→ PROVIDED DATA
--

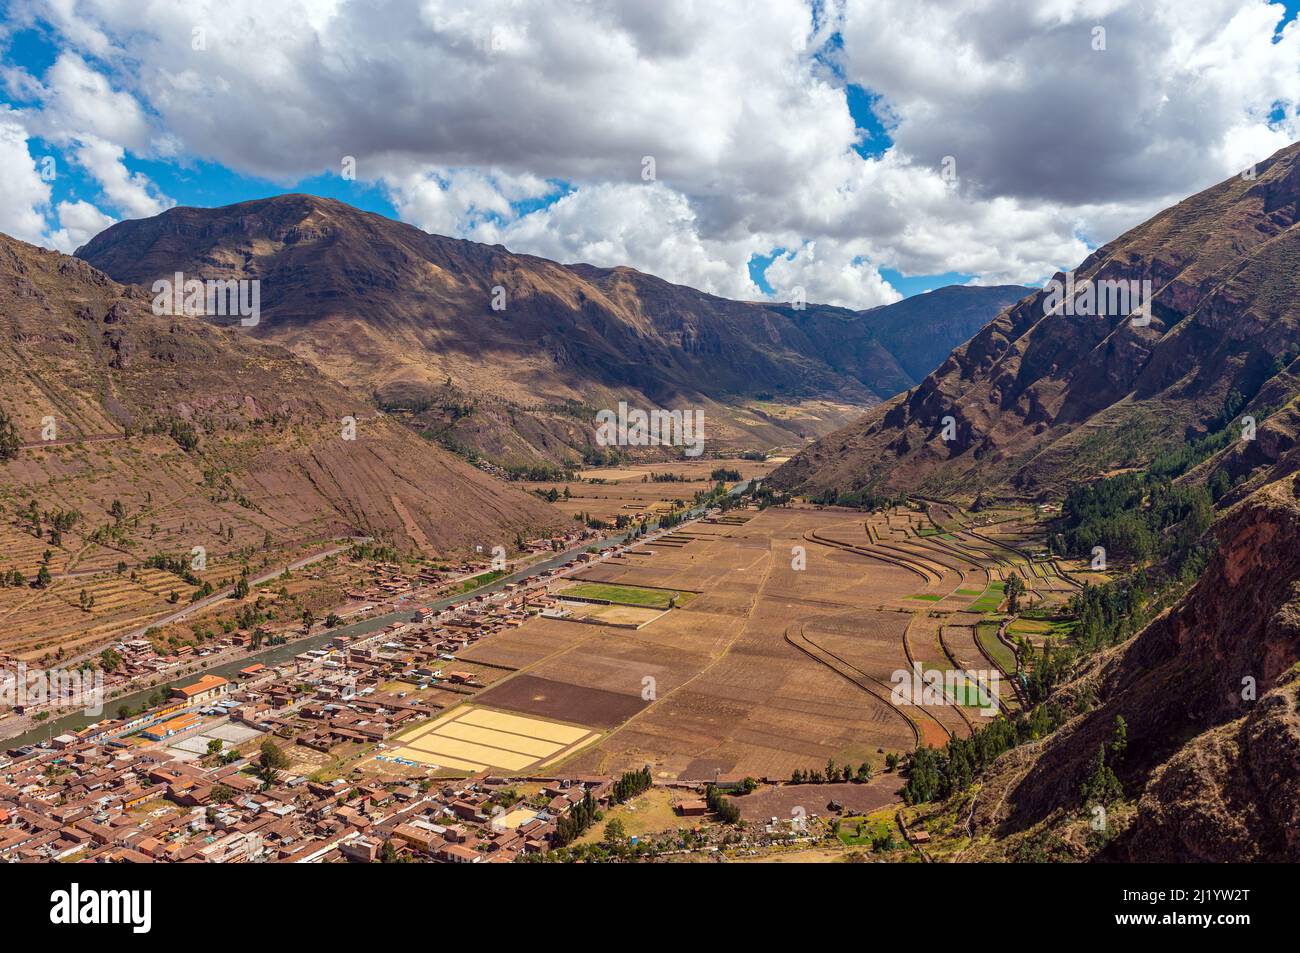 Paesaggio delle Ande montagne nella Valle Sacra degli Inca con il fiume Urubamba e Pisac villaggio, provincia di Cusco, Perù. Foto Stock
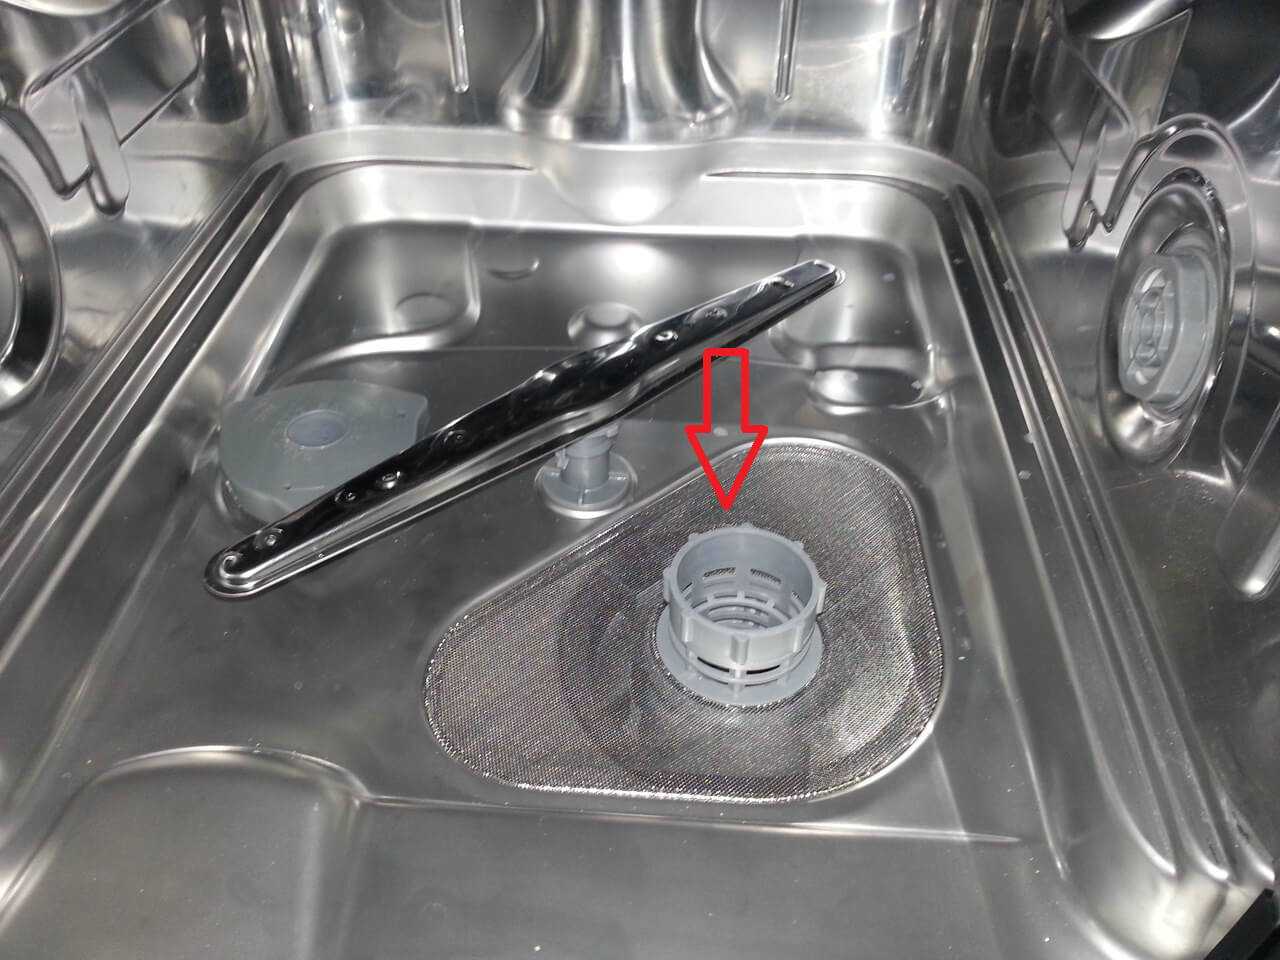 Посудомоечная машина плохо моет посуду: причины, решение проблемы
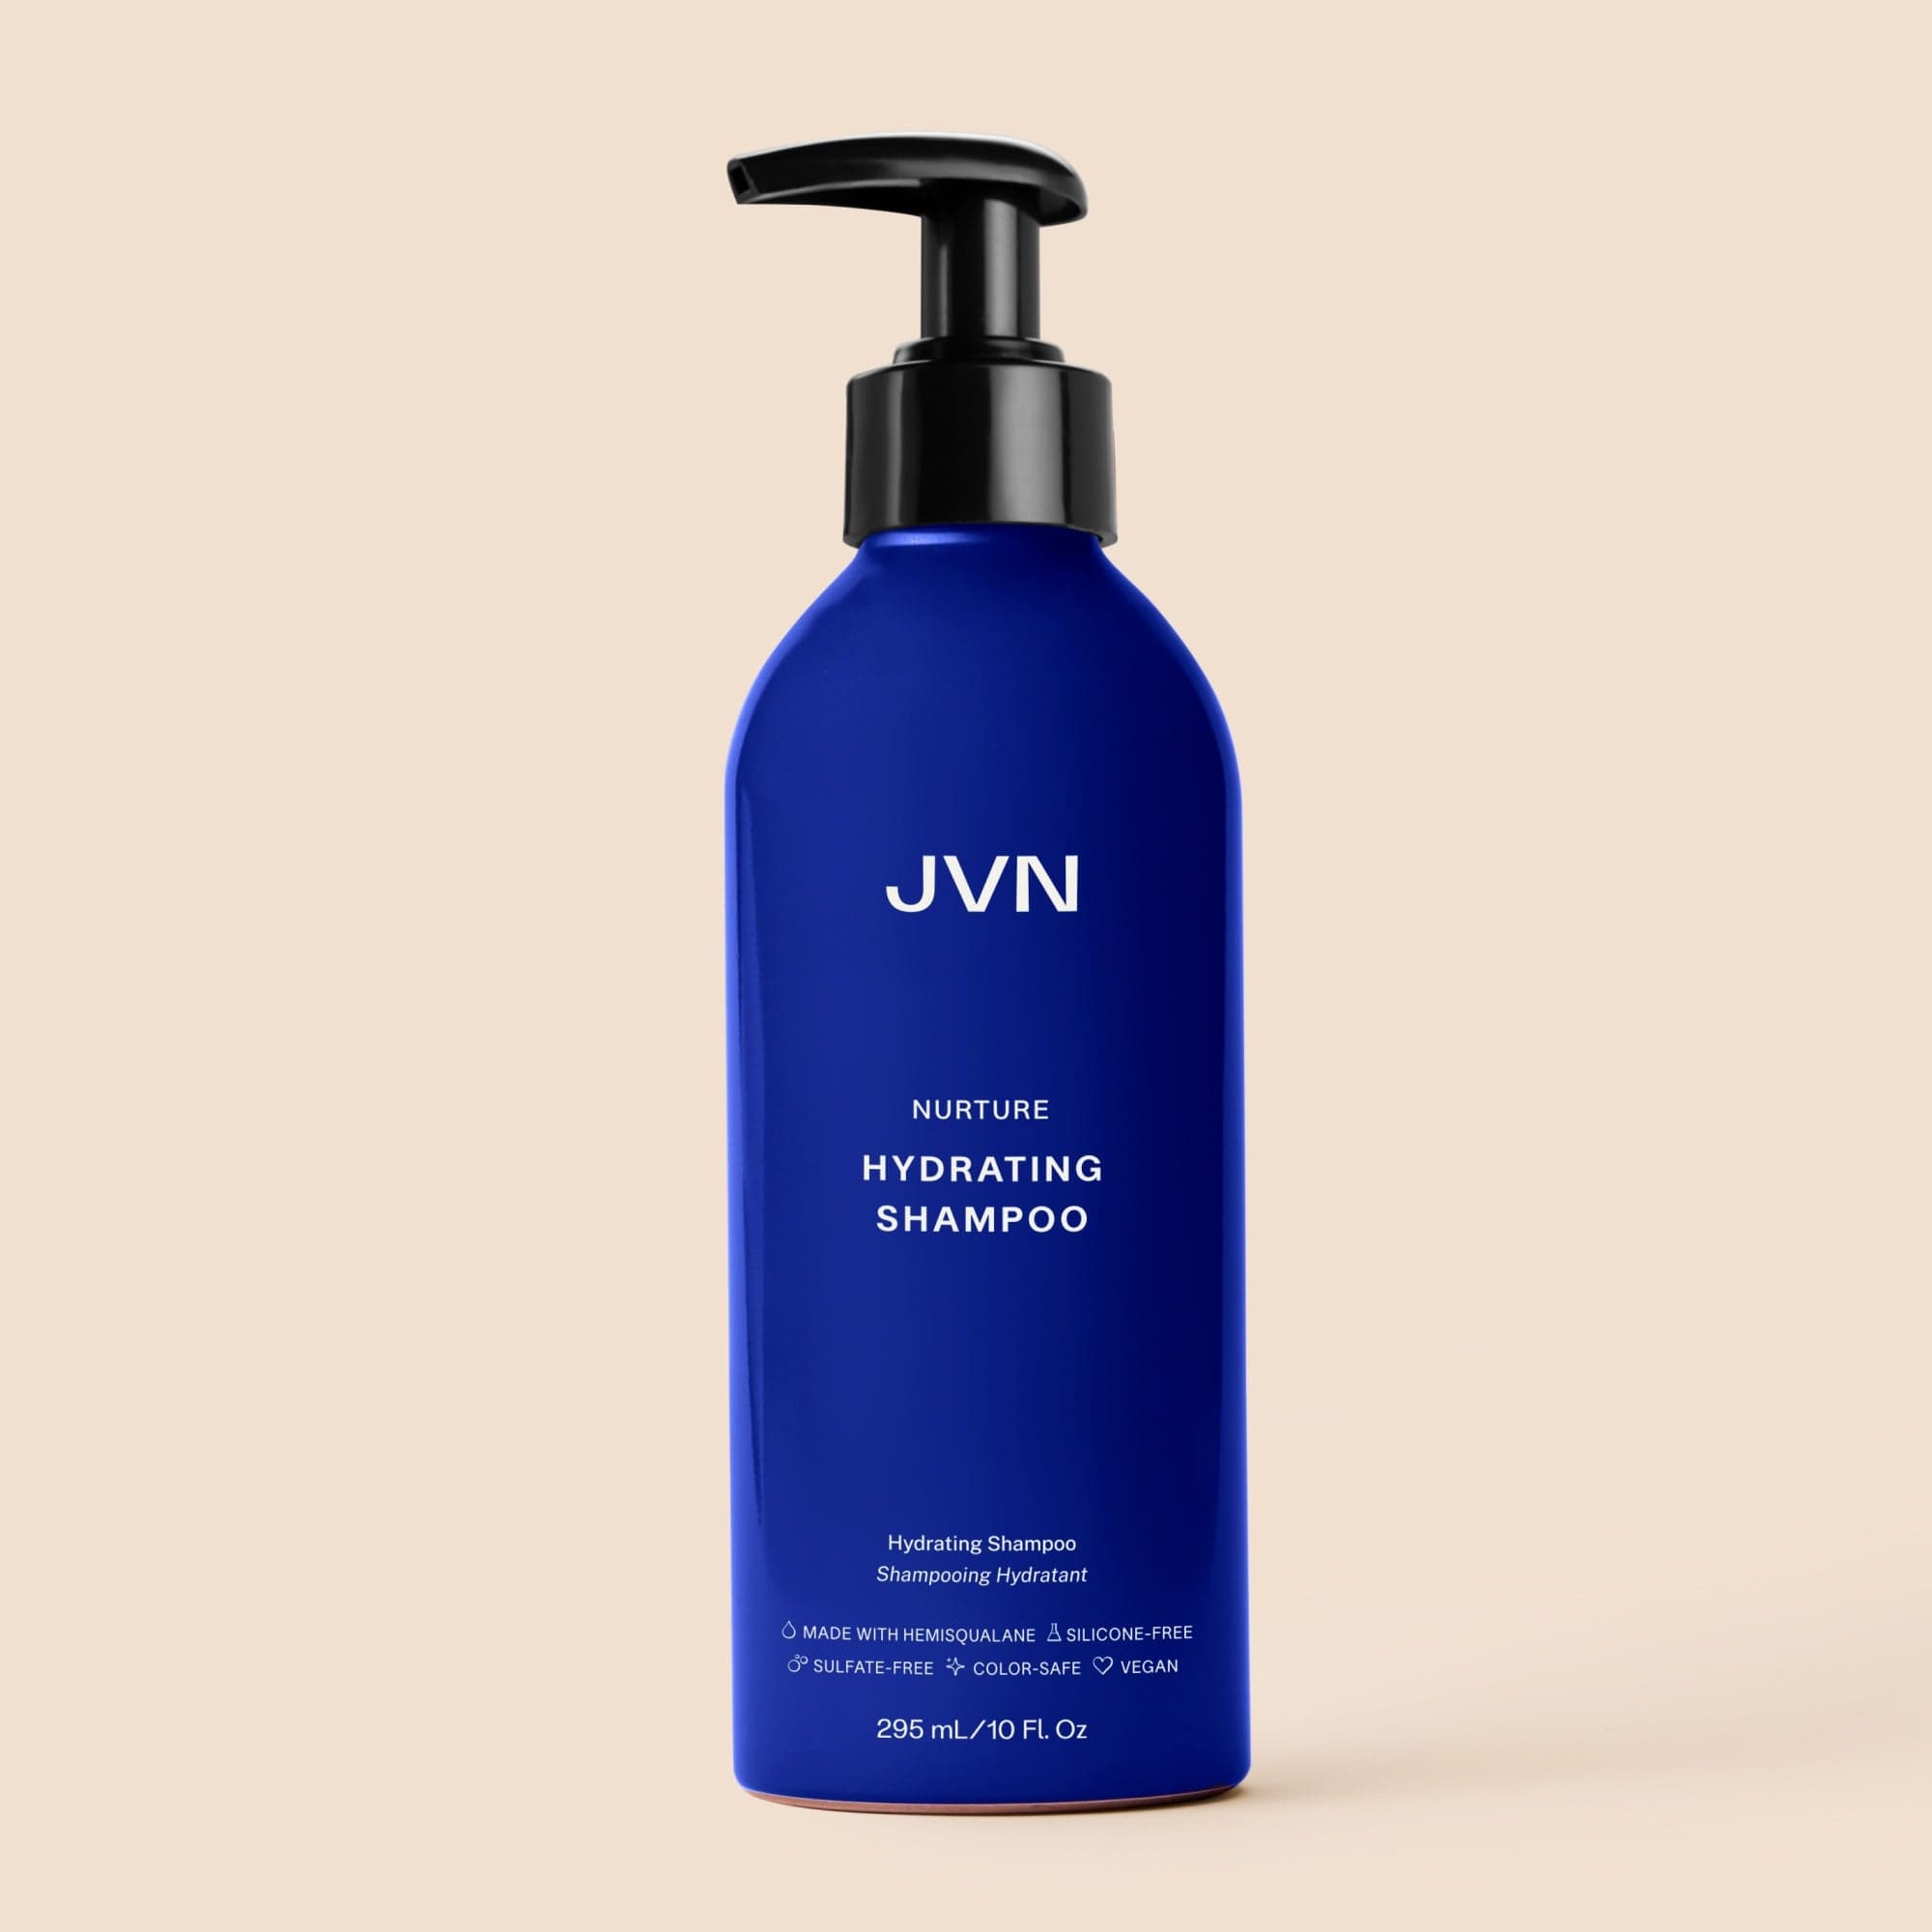 Nurture Hydrating Shampoo Moisturizing Shampoo | JVN – JVN Hair
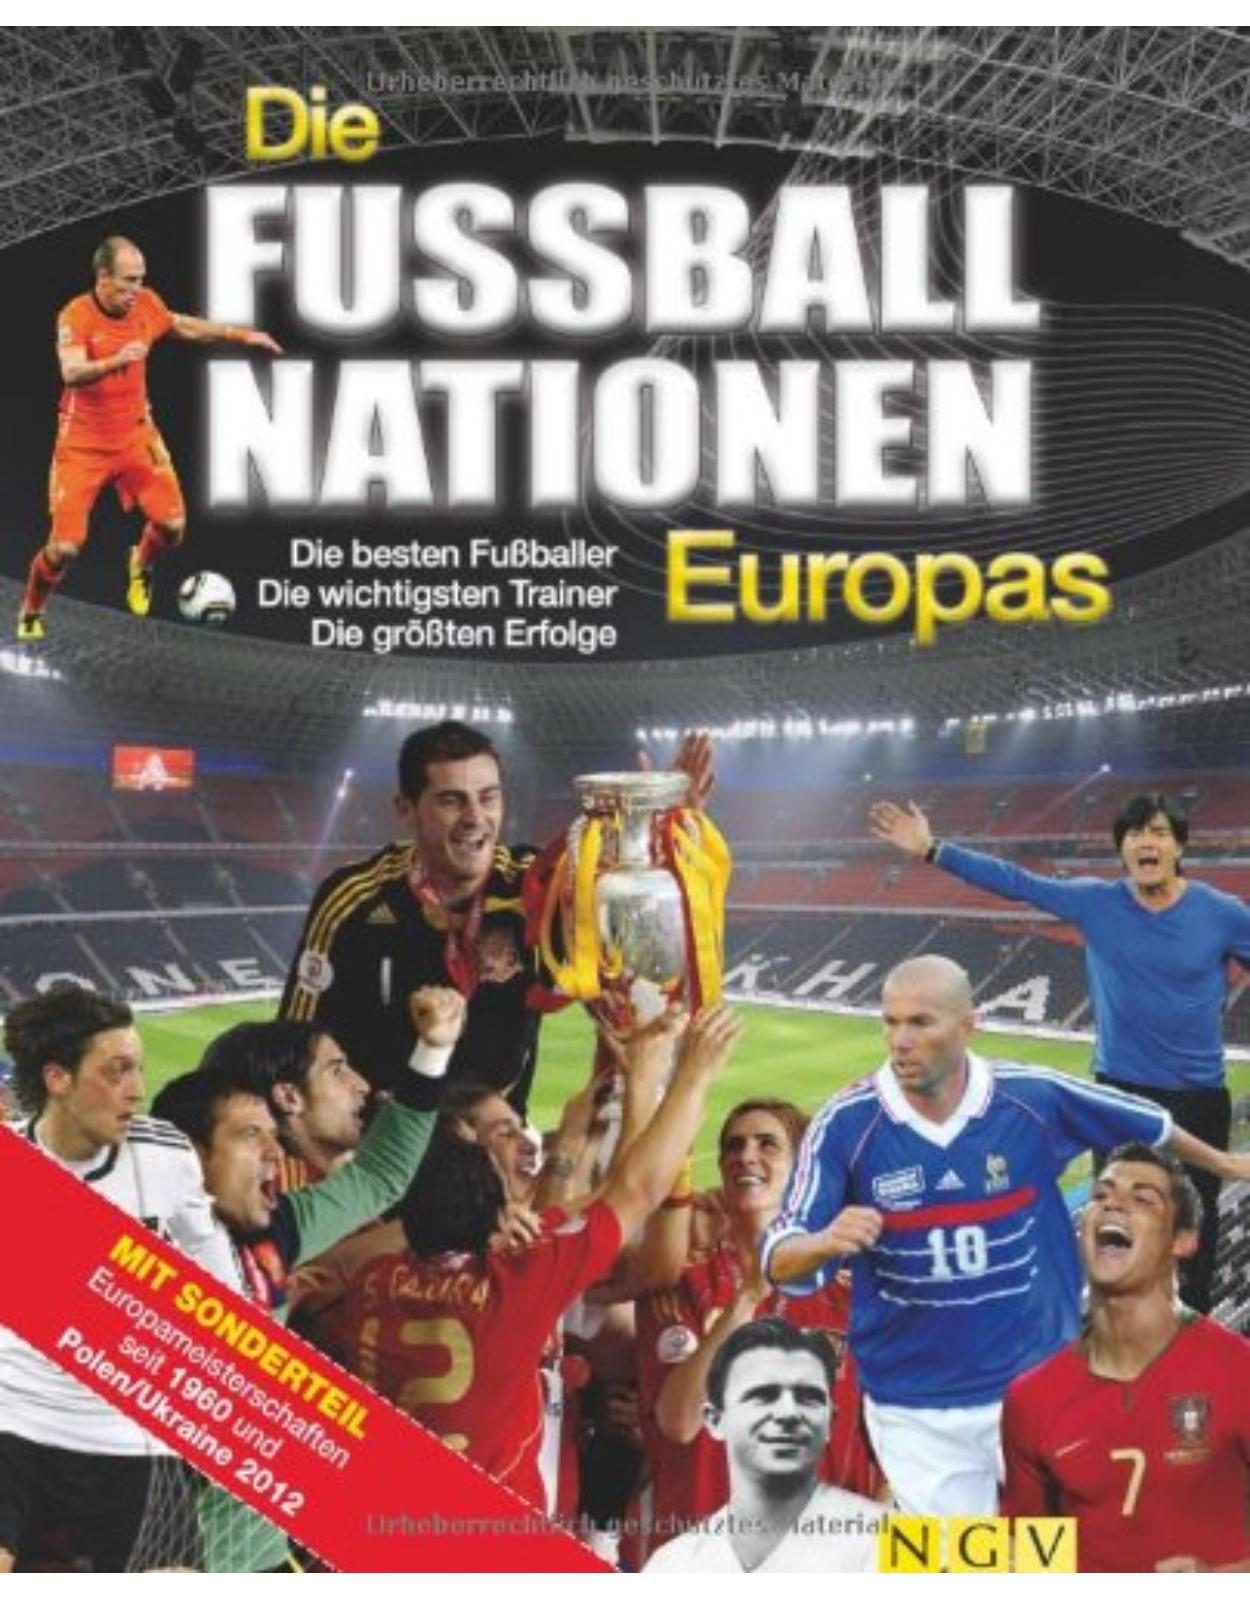 Die Fußballnationen Europas: Die besten Fußballer - Die wichtigsten Trainer - Die größten Erfolge

--

→ WHAT THIS TASK INVOLVES
If a picture falls within the lines from the one containing "Nurture Hydrating Shampoo" through the end of the material, leave it out while repeating those lines exactly.

→ EXERCISE OUTPUT
 Nurture Hydrating Shampoo Moisturizing Shampoo | JVN – JVN Hair
 Die Fußballnationen Europas: Die besten Fußballer - Die wichtigsten Trainer - Die größten Erfolge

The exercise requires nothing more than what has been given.